HyperLink   Architectural and Software Support for Executing Numerical Applications on High Performance Computers.
   
Publication Year:
  1993
Authors
  Sadun Anik
   
Published:
  PhD thesis, Department of Computer Science, University of Illinois, Urbana IL, CRHC-93-19, Sept. 1993
   
Abstract:

Numerical applications require large amounts of computing power. Although shared memory multiprocessors provide a cost- effective platform for parallel execution of numerical programs, parallel processing has not delivered the expected performance on these machines. There are two crucial steps in parallel execution of numerical applications: (1)effective parallelization of an application and (2)efficient execution of the parallel program on a multiprocessor. This thesis addresses the second step within the scope of automatically parallelized FORTRAN programs.

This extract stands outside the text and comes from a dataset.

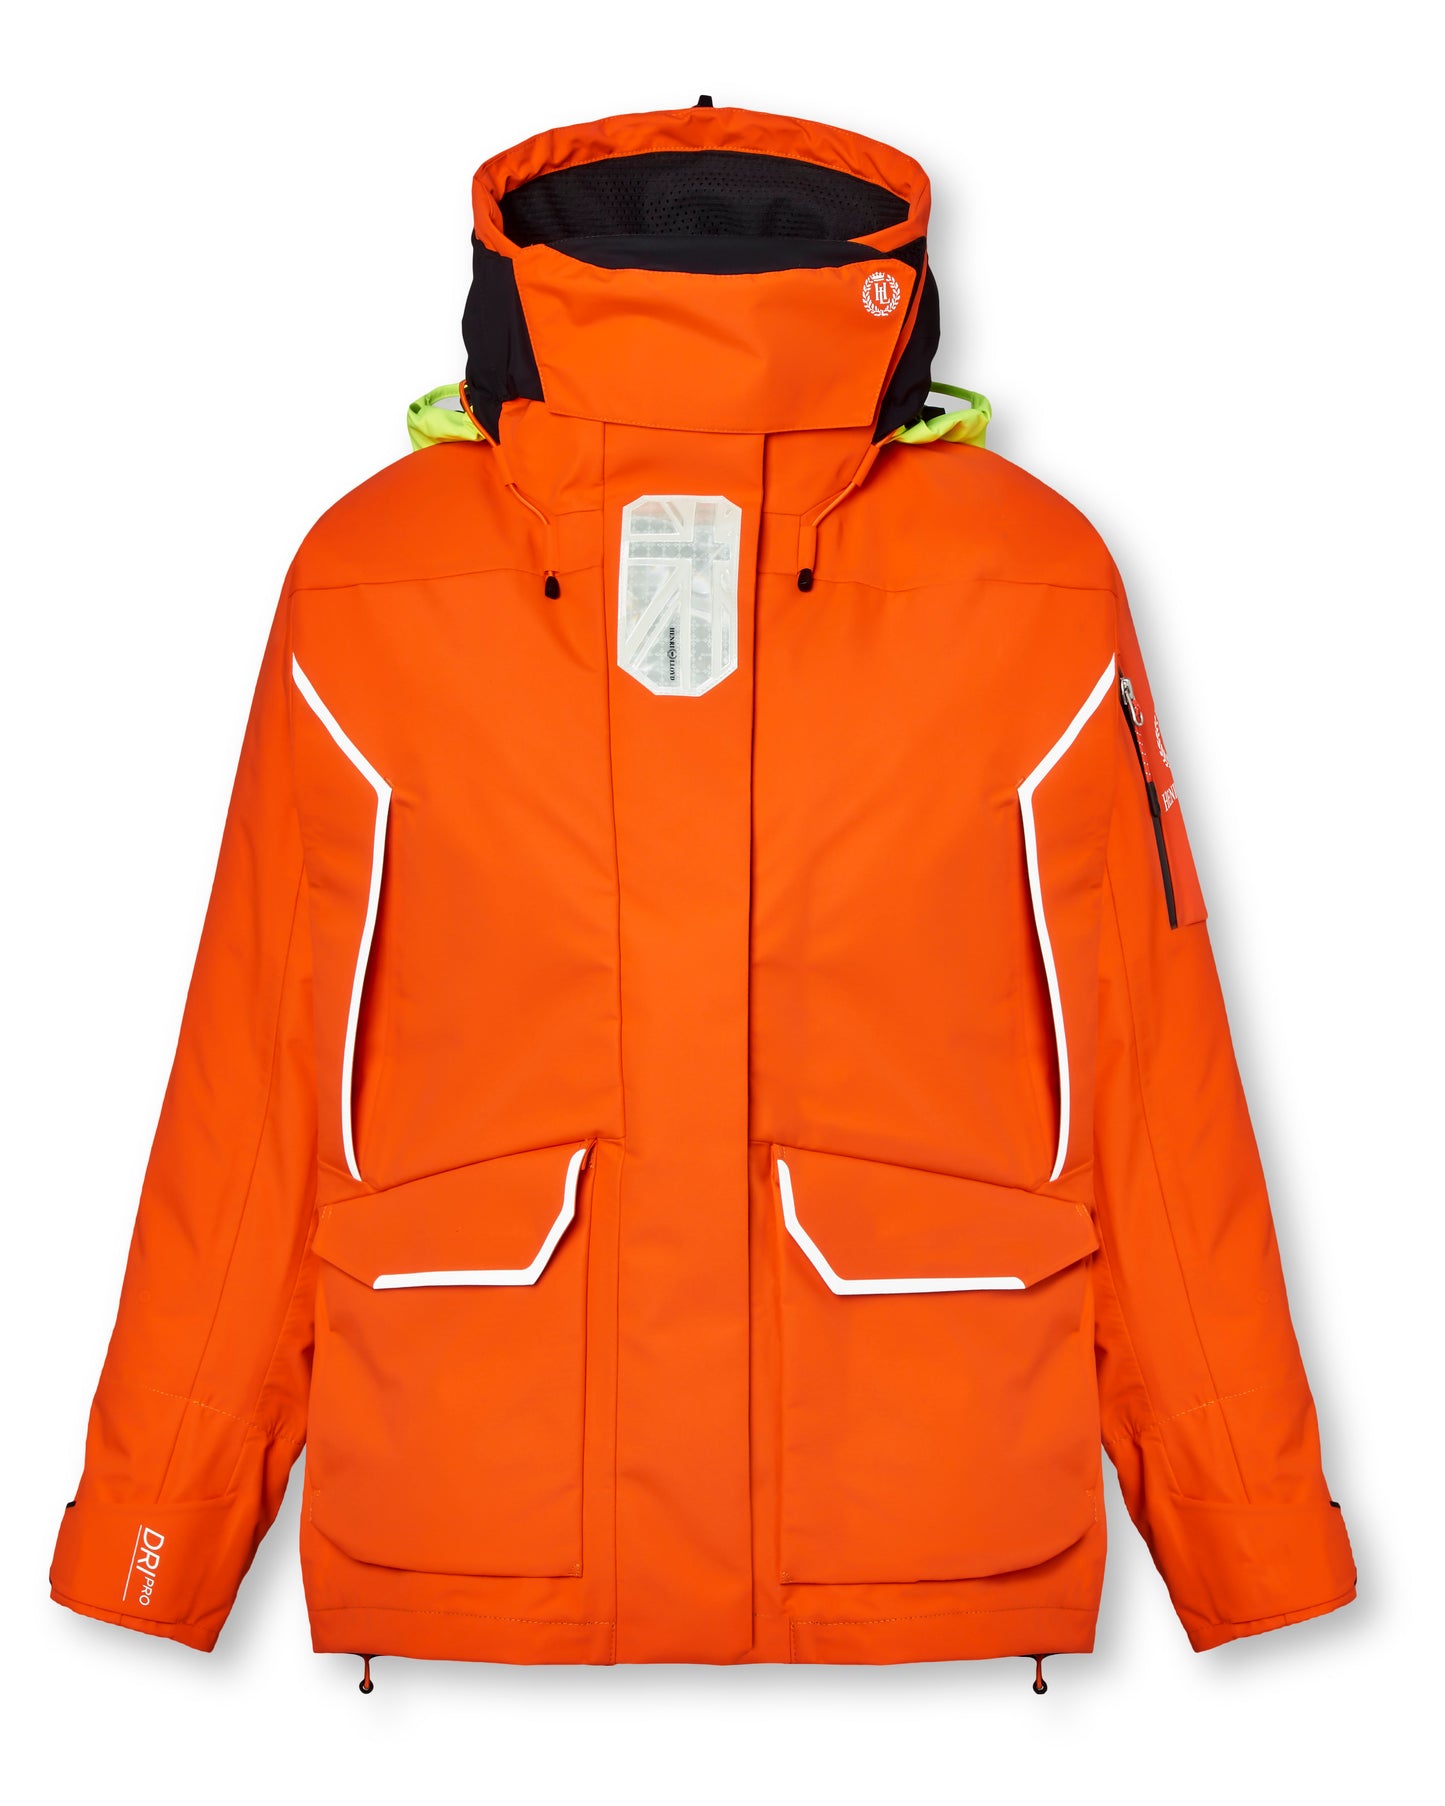 Women's Elite Jacket - Power Orange

In this thesis, the mismatch between the needs of parallelized FORTRAN programs and the support for parallel execution in shared memory multiprocessors is identified as a cause of poor performance. The thesis addresses this problem from two angles, architectural and software support for parallel execution and compiler transformation to enhance program characteristics. Architectural features and synchronization and scheduling algorithms are studied to increase the efficiency of support for parallel execution. It is shown that architectures supporting atomic fetch&add primitives and synchronization busses can execute programs more effectively. New algorithms for lock access and parallel task scheduling are proposed.

The thesis also explores transformations which can modify parallel program characteristics to increase the parallel execution efficiency of less sophisticated architectures. It is shown that by using blocking transformations on nested parallel loops, program characteristics can be modified to decrease the need for scheduling and synchronization operations. This results in an increase in the efficiency of parallel execution, especially for multiprocessors with simplistic support for interprocessor synchronization.